» **Aim of the exercise**
Omit all pictures, then retype the data exactly as given.

[Opening Provided material section]

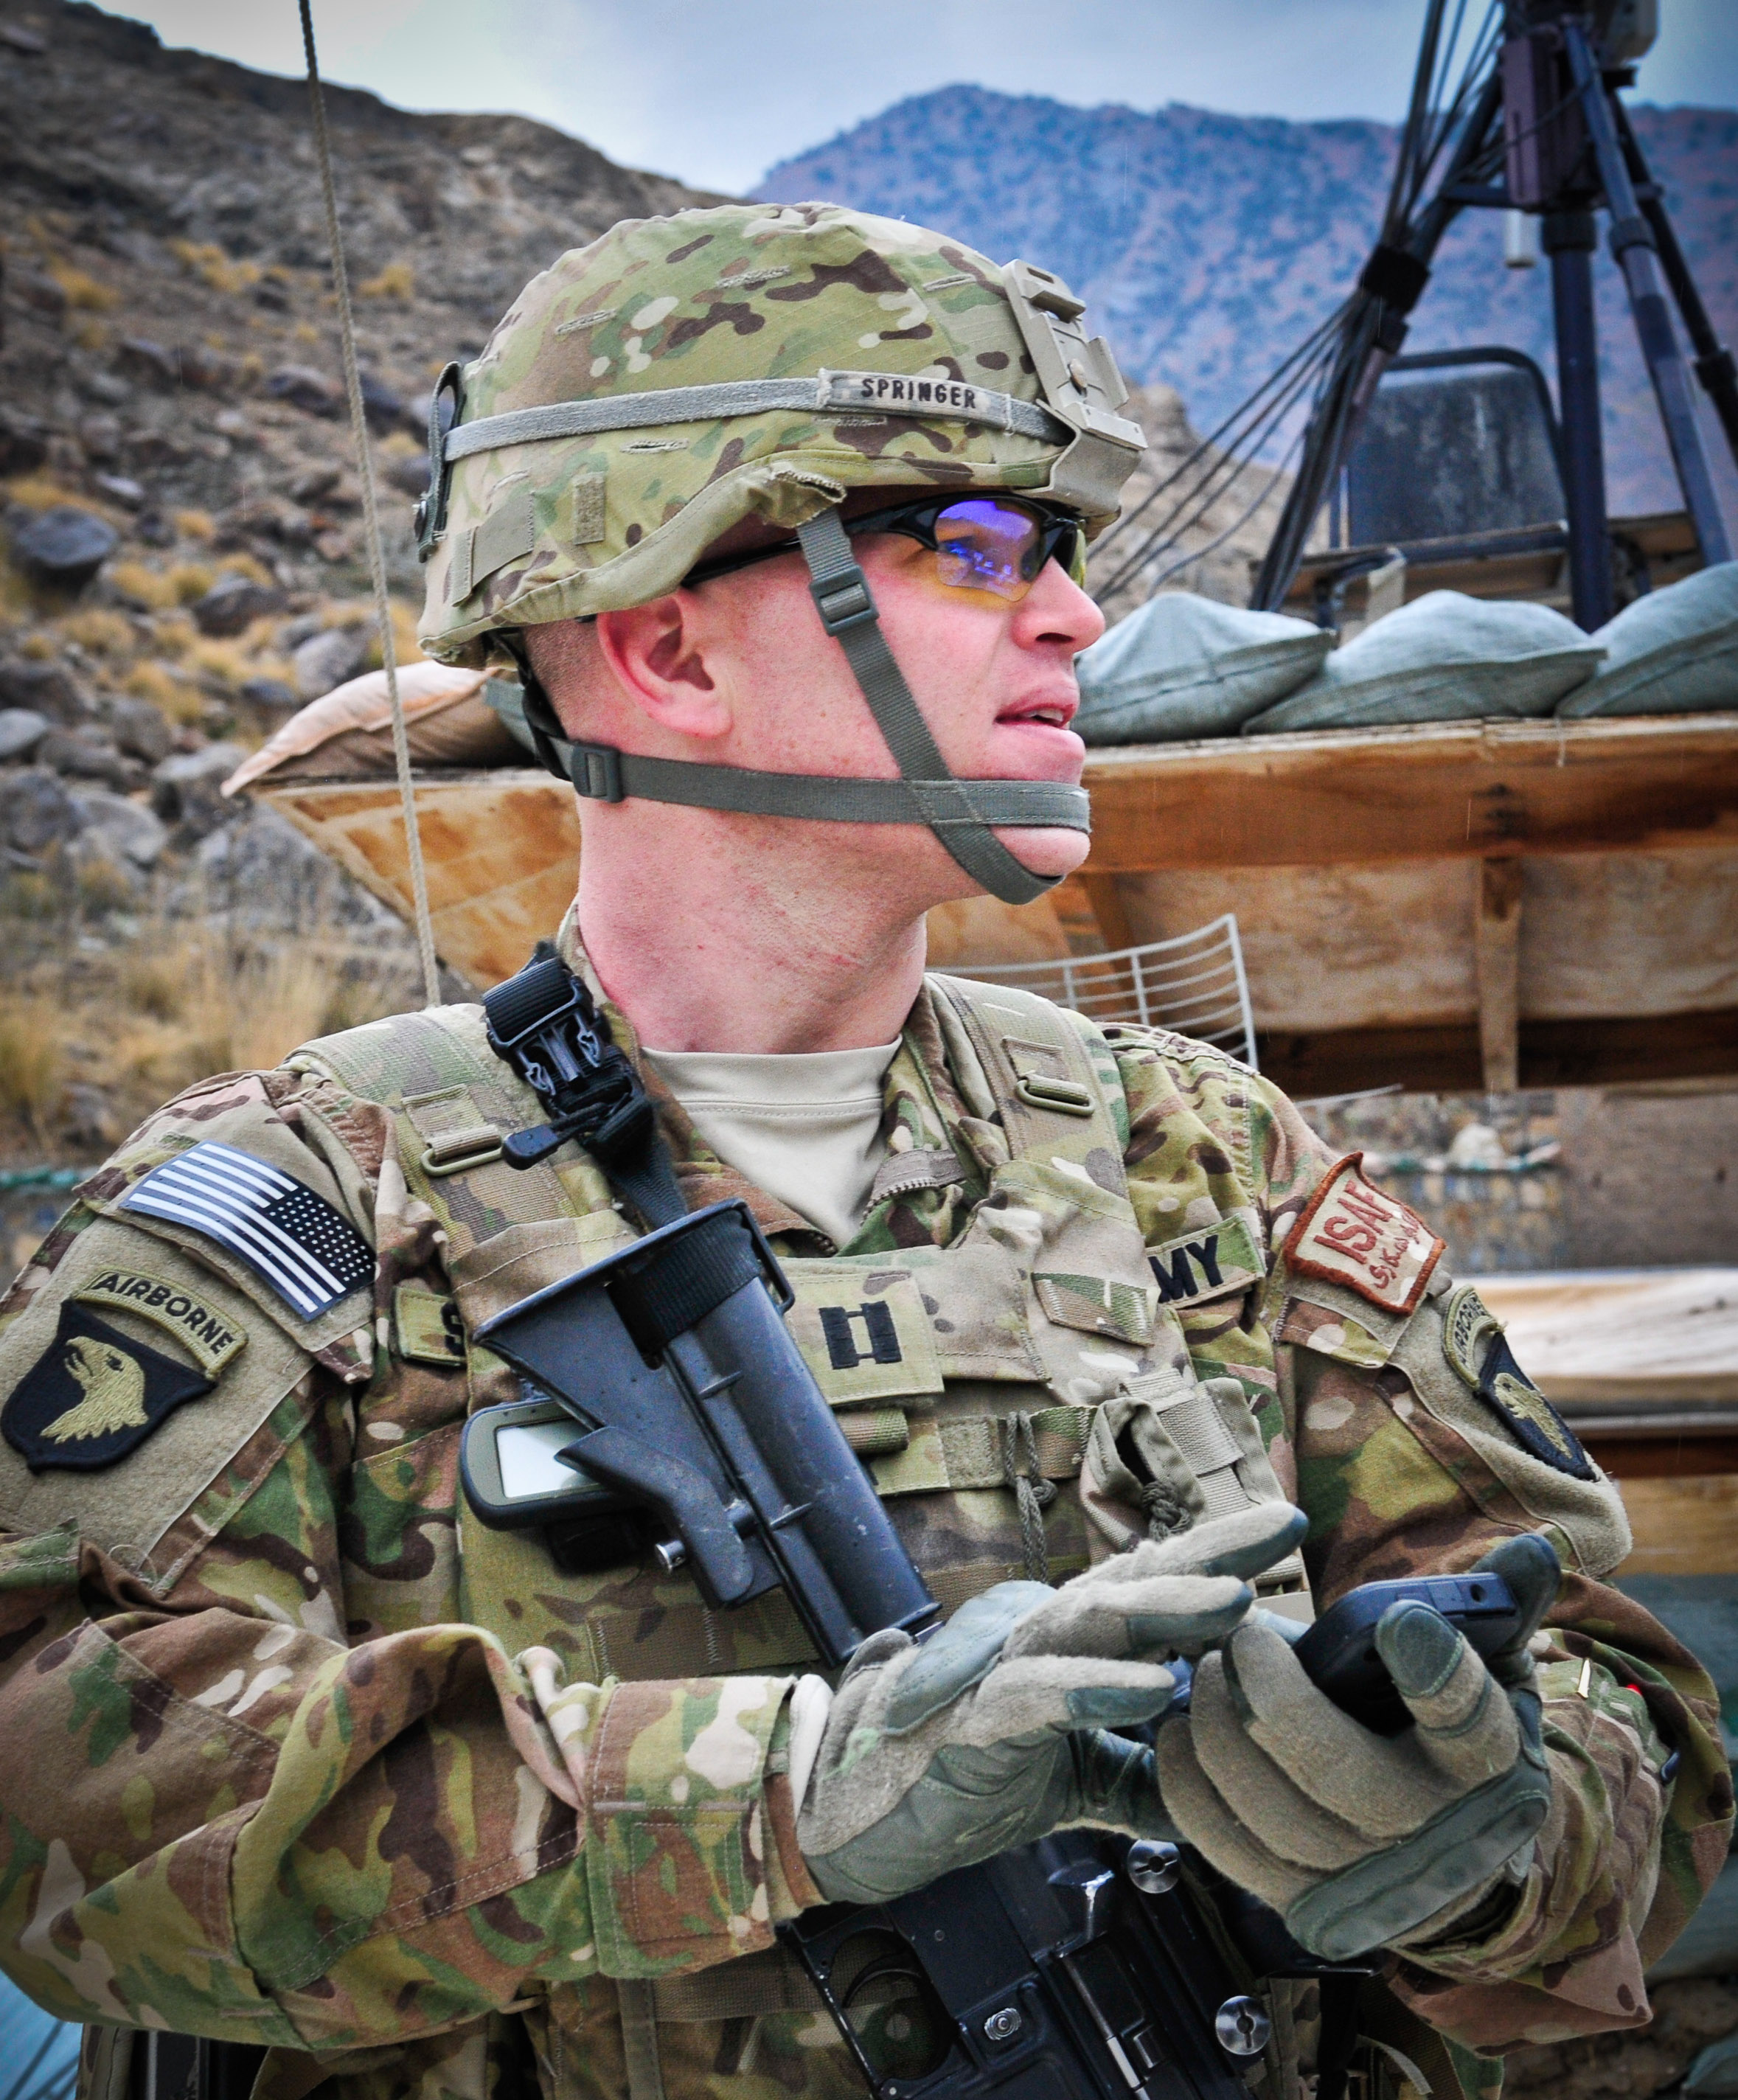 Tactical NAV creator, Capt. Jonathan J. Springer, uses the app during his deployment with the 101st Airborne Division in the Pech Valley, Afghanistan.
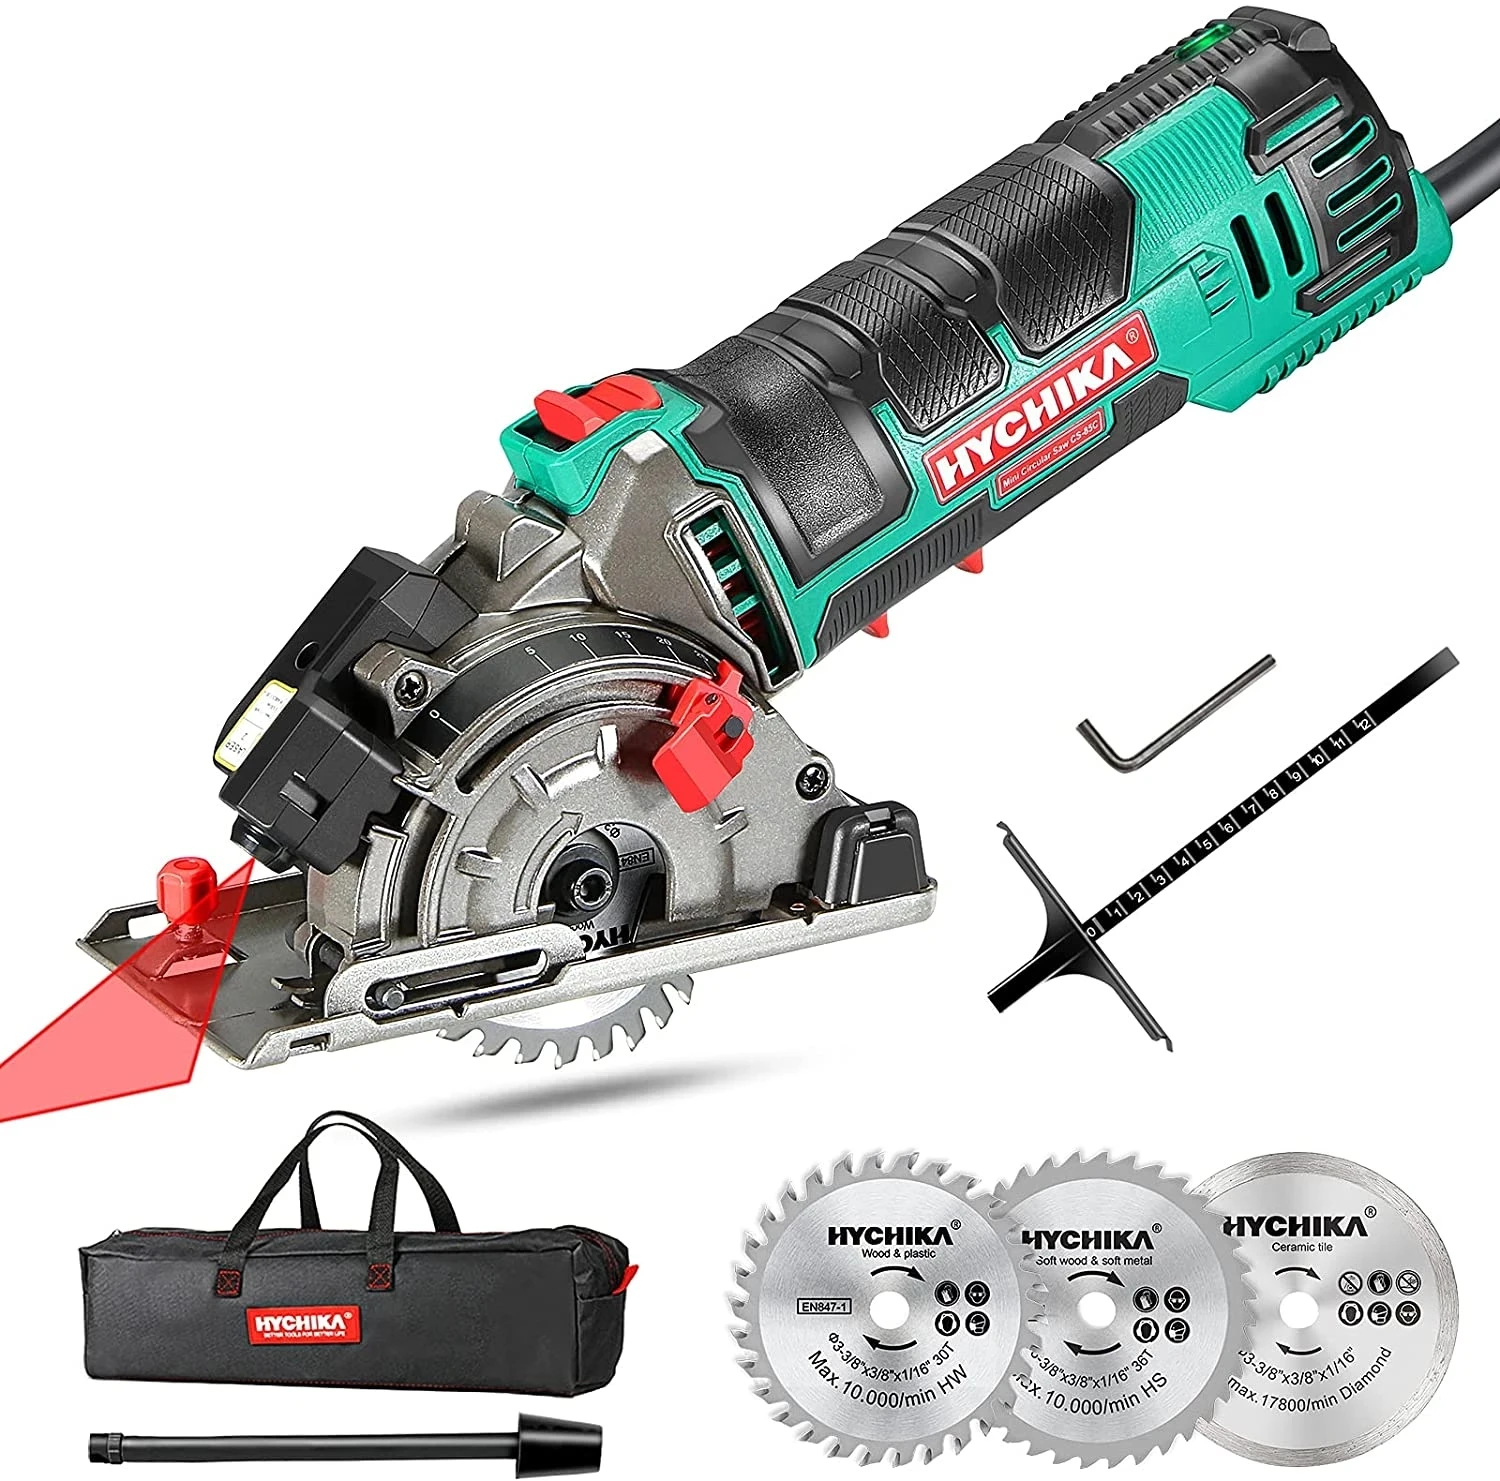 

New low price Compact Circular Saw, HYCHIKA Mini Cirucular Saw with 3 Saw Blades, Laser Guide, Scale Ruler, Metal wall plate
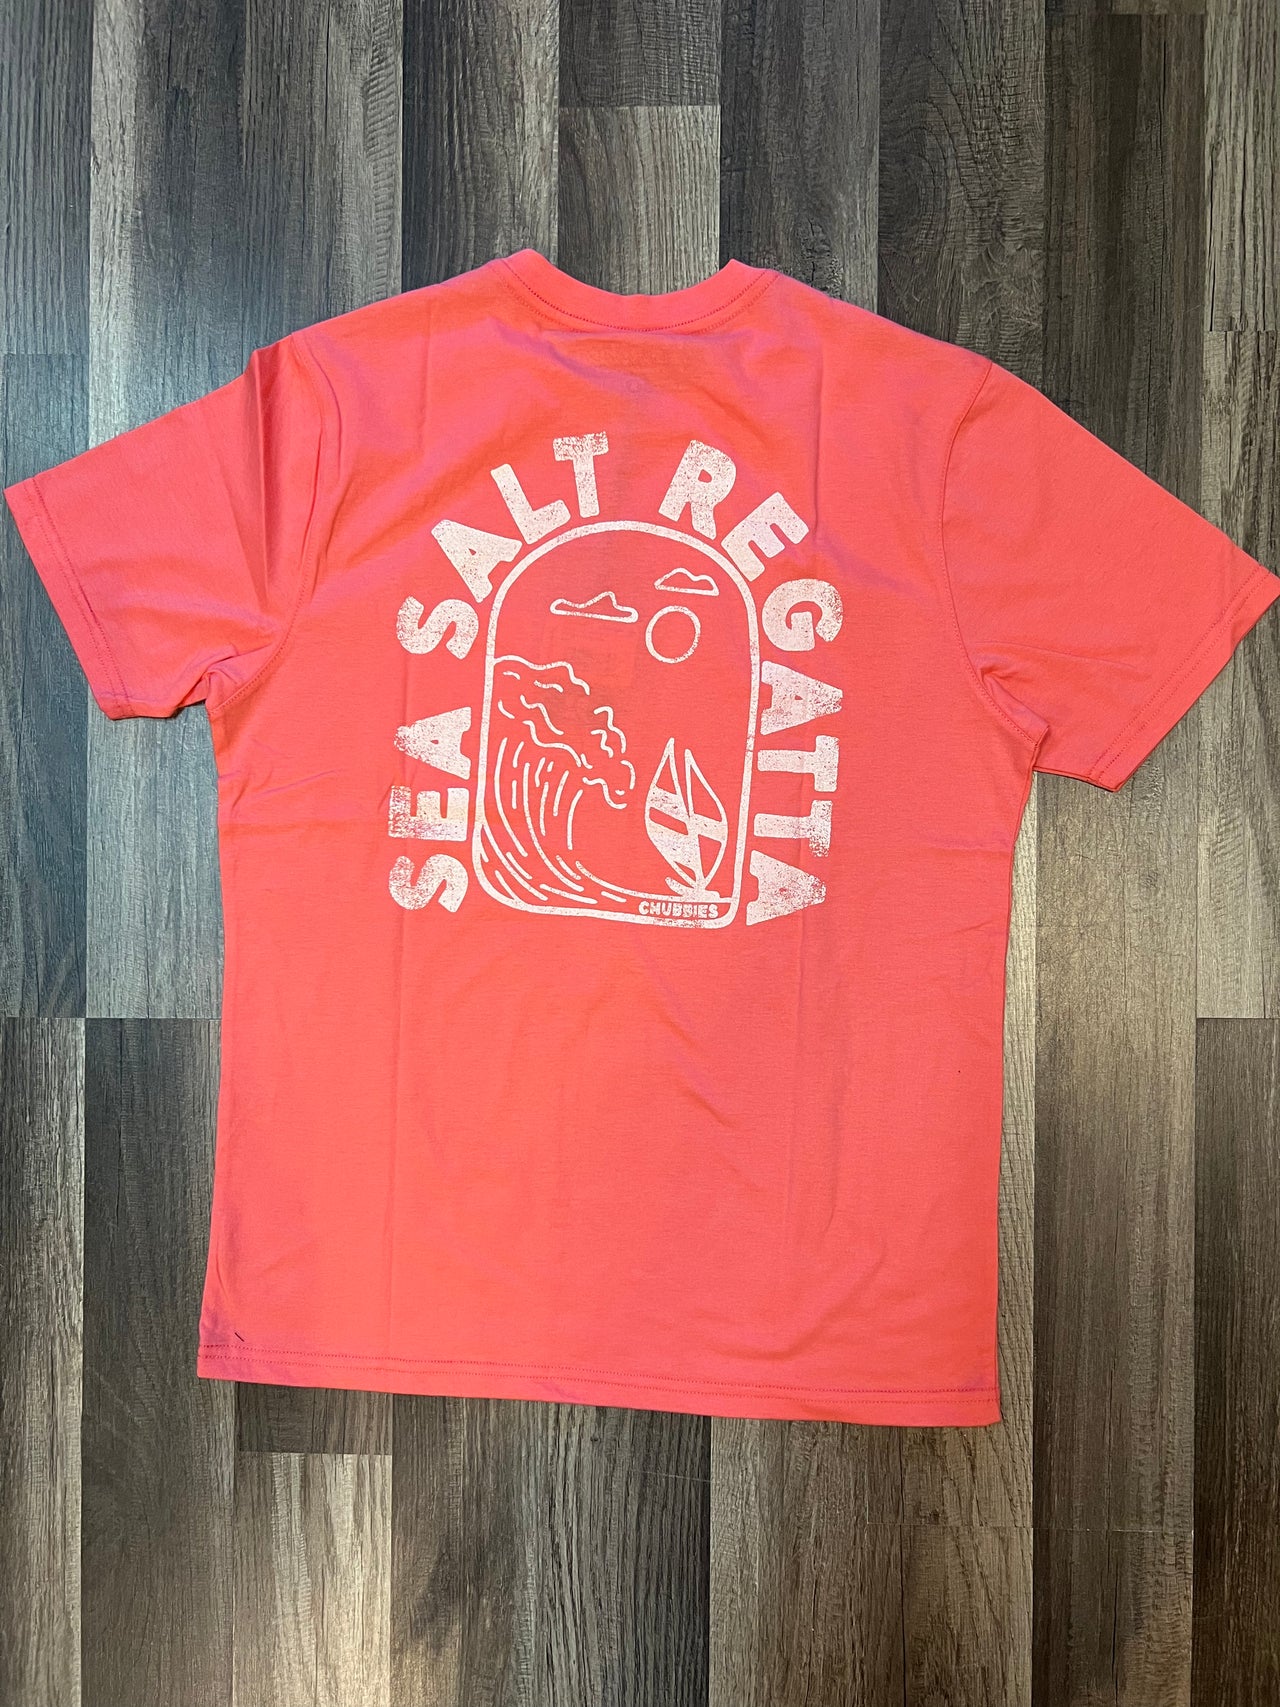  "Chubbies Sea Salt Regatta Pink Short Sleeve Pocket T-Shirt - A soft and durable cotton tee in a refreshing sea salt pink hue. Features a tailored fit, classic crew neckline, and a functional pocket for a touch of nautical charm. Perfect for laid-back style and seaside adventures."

[Closing Provided material section]

» **Answer for the task**
 Tactical NAV creator, Capt. Jonathan J. Springer, uses the app during his deployment with the 101st Airborne Division in the Pech Valley, Afghanistan.

New low price Compact Circular Saw, HYCHIKA Mini Cirucular Saw with 3 Saw Blades, Laser Guide, Scale Ruler, Metal wall plate
  "Chubbies Sea Salt Regatta Pink Short Sleeve Pocket T-Shirt - A soft and durable cotton tee in a refreshing sea salt pink hue. Features a tailored fit, classic crew neckline, and a functional pocket for a touch of nautical charm. Perfect for laid-back style and seaside adventures."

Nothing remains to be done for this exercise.